Lauri & The Gang said:


> Can you send me a PM with the name of the trainer? I used to take my dogs there and know several of them. Some are good and some are bad.



sure


----------



## llombardo (Dec 11, 2011)

jennifernikki said:


> But she believes his aggression issues are strictly behavioral.
> So now, *this just makes things harder*. So, back to the drawing board on our options. i will keep you posted on our decision.

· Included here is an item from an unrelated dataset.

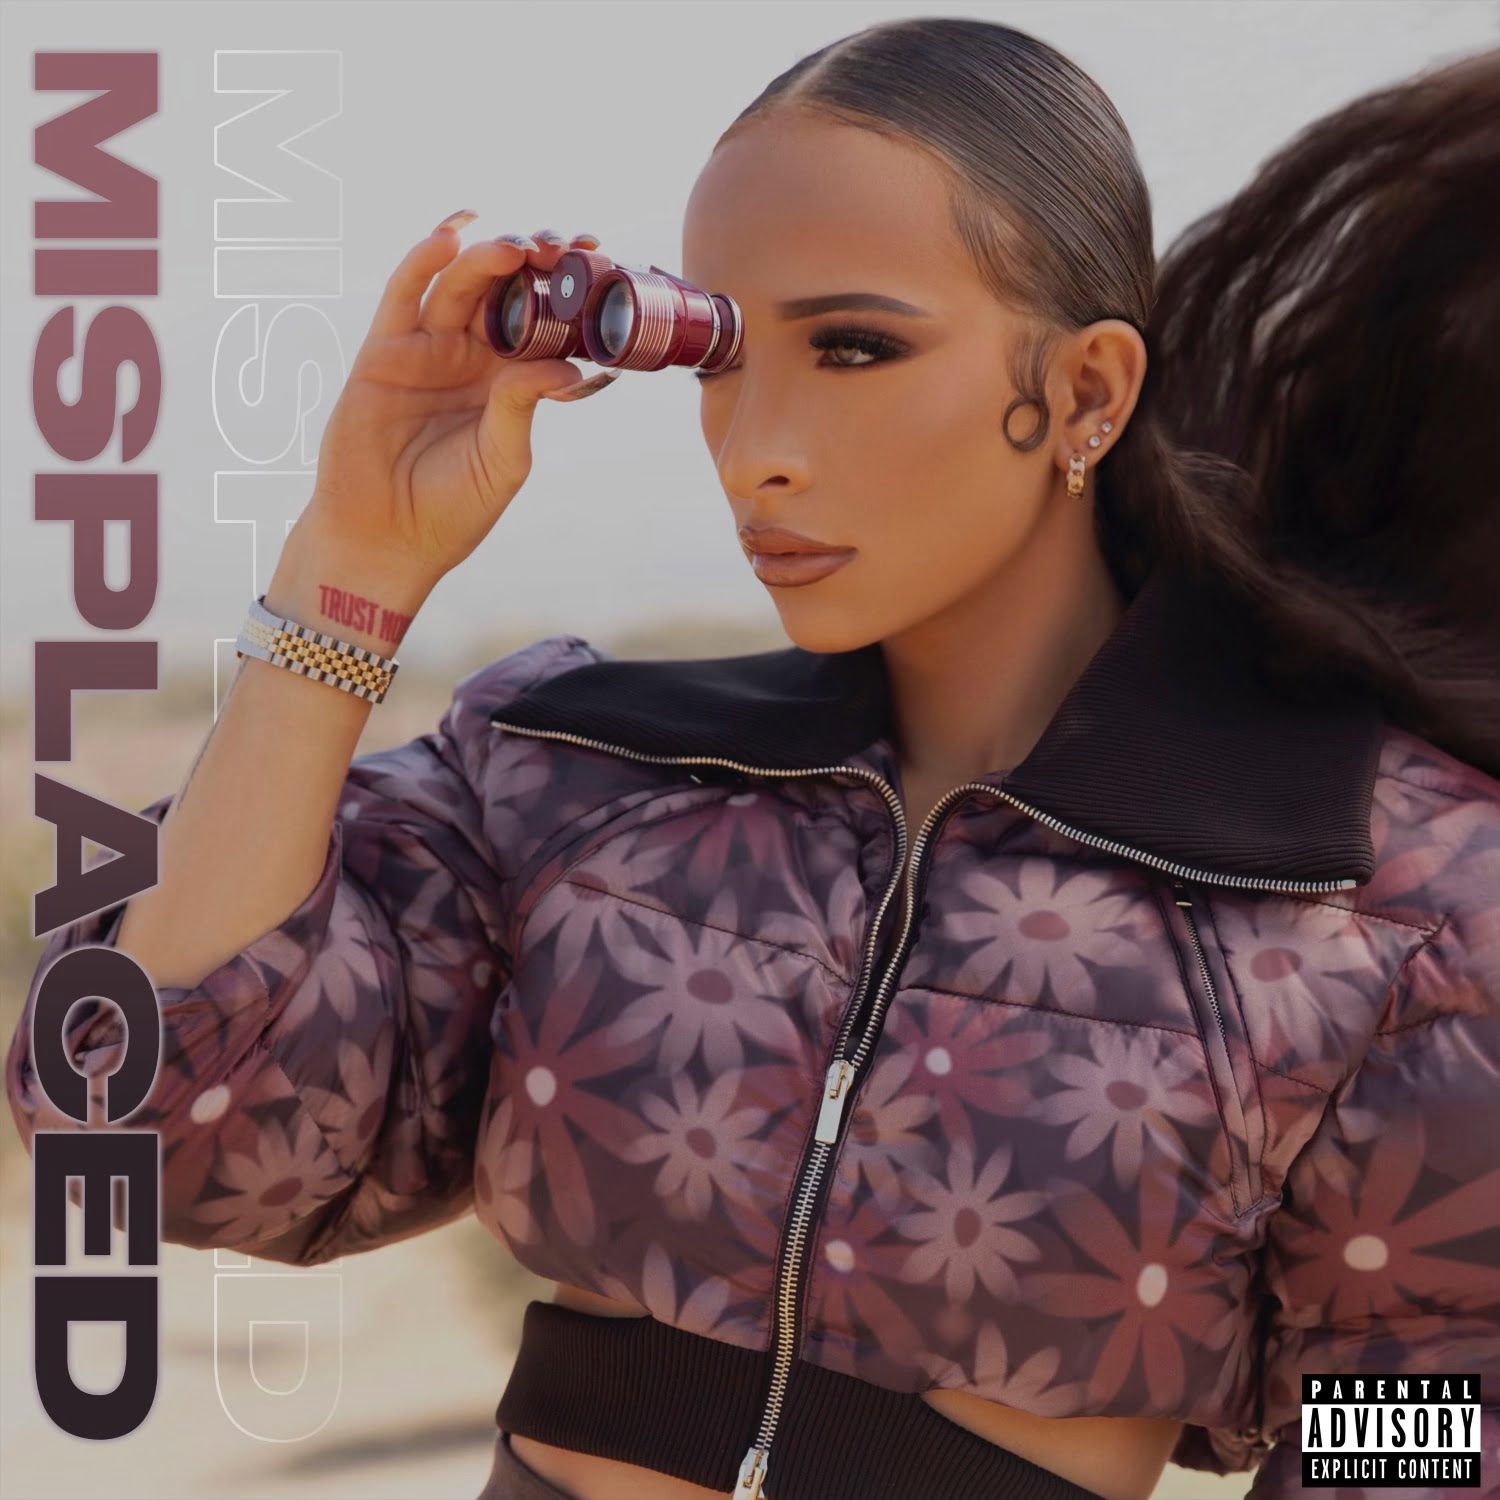 Kendy X Misplaced via The Thom Brand for use by 360 Magazine

In my opinion, this makes it easier. Most trainers will tell you right up front that they are training YOU(the person) and then you will take this and learn from it, apply it, and succeed. I have faith in you This is going to be about physical and mental stimulation...the dog needs both.


----------



## Jax08 (Feb 13, 2009)

Were any xrays taken of his back? Didn't you say he displays signs of discomfort? Not trying to get you to spend more money or think your vet is wrong, just wanted to point out that many times back issues can display as hip/backend problems.


----------



## jennifernikki (Jul 8, 2010)

Yes, she took one of the back. He does have difficulty when he gets up from laying down. I'm so surprised that she didnt find anything, shocked actually. She said it could be because he's a very long legged dog, it just takes longer to get up. He could benefit from more muscle mass too. Not sure if that would be any resolution to the problem.


----------



## Mary Beth (Apr 17, 2010)

You may want to get a second opinion. My GSD is tall and doesn't haven't difficulty in getting up.


----------



## vom Eisenherz (Feb 13, 2012)

A painful hock would make him careful about how he stands up.


----------



## GregK (Sep 4, 2006)

I think it makes things easier too. You know the area to focus on - training and behavioral reform.

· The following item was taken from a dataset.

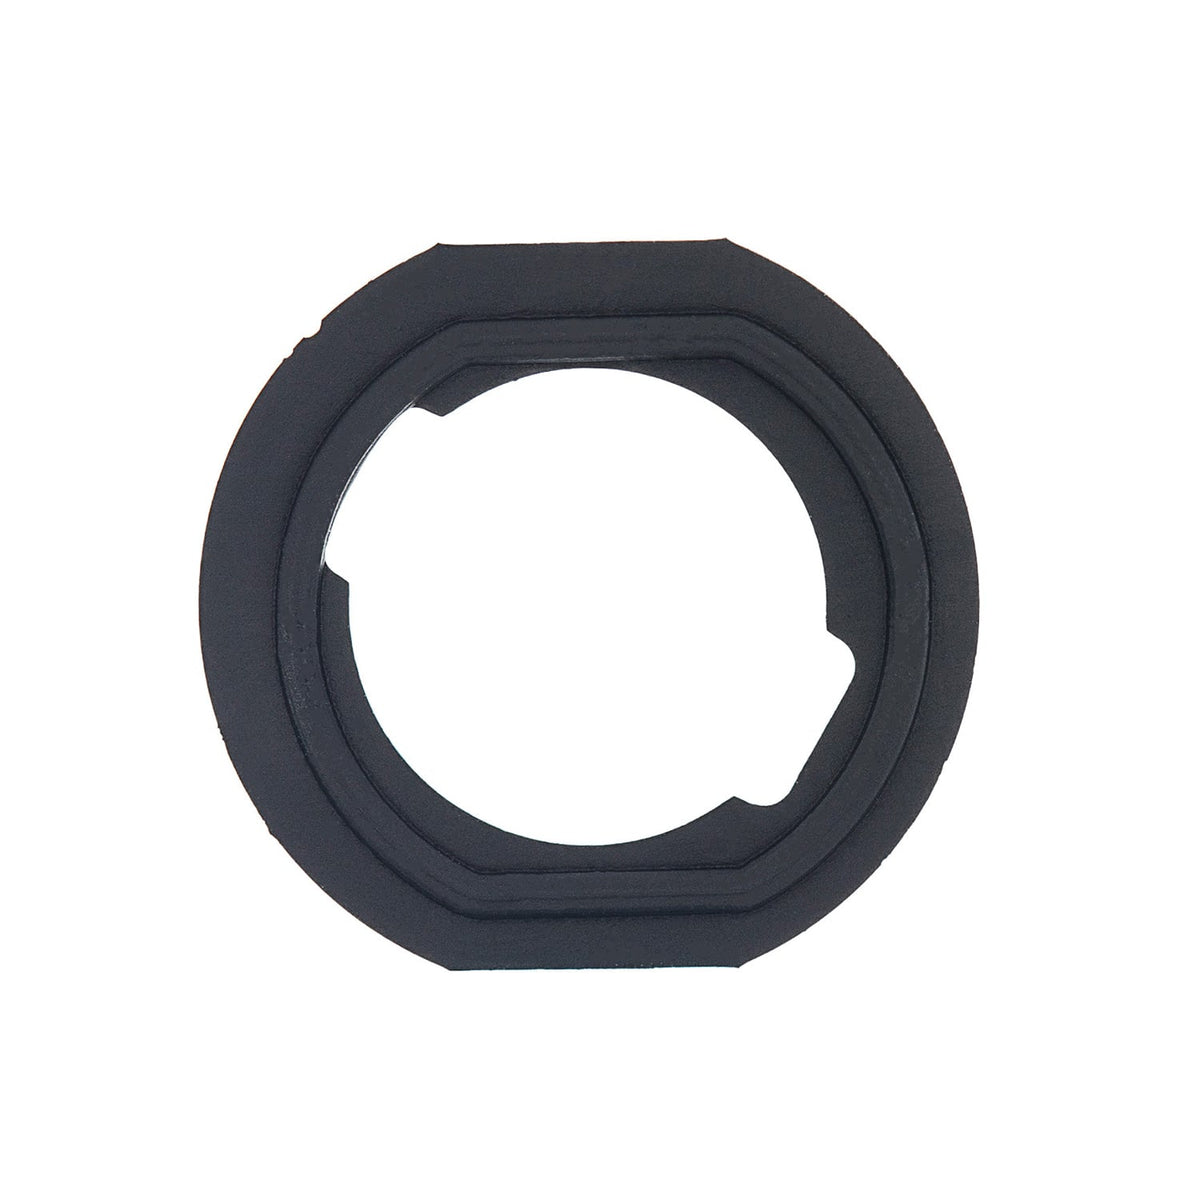 HOME BUTTON RUBBER GASKET REPLACEMENT FOR IPAD 6/7/8/9

If 'boot camp' means dropping him off for a couple weeks, I'd take a hard pass on that. I've heard what Laura mentioned.


----------



## Twyla (Sep 18, 2011)

jennifernikki said:


> He gave a few options, one on one training or boot camp to mention a few.


Skip the boot camp and go for the one on one training. You would not believe how valuable that one on one time is. You will get training along with your dog. There will be a second set of eyes to see handling errors, advice on how to work your dog through situations, gain the confidence needed so your dog will look to you. Be ready for handling requirements to change as your dog's behavior changes.


----------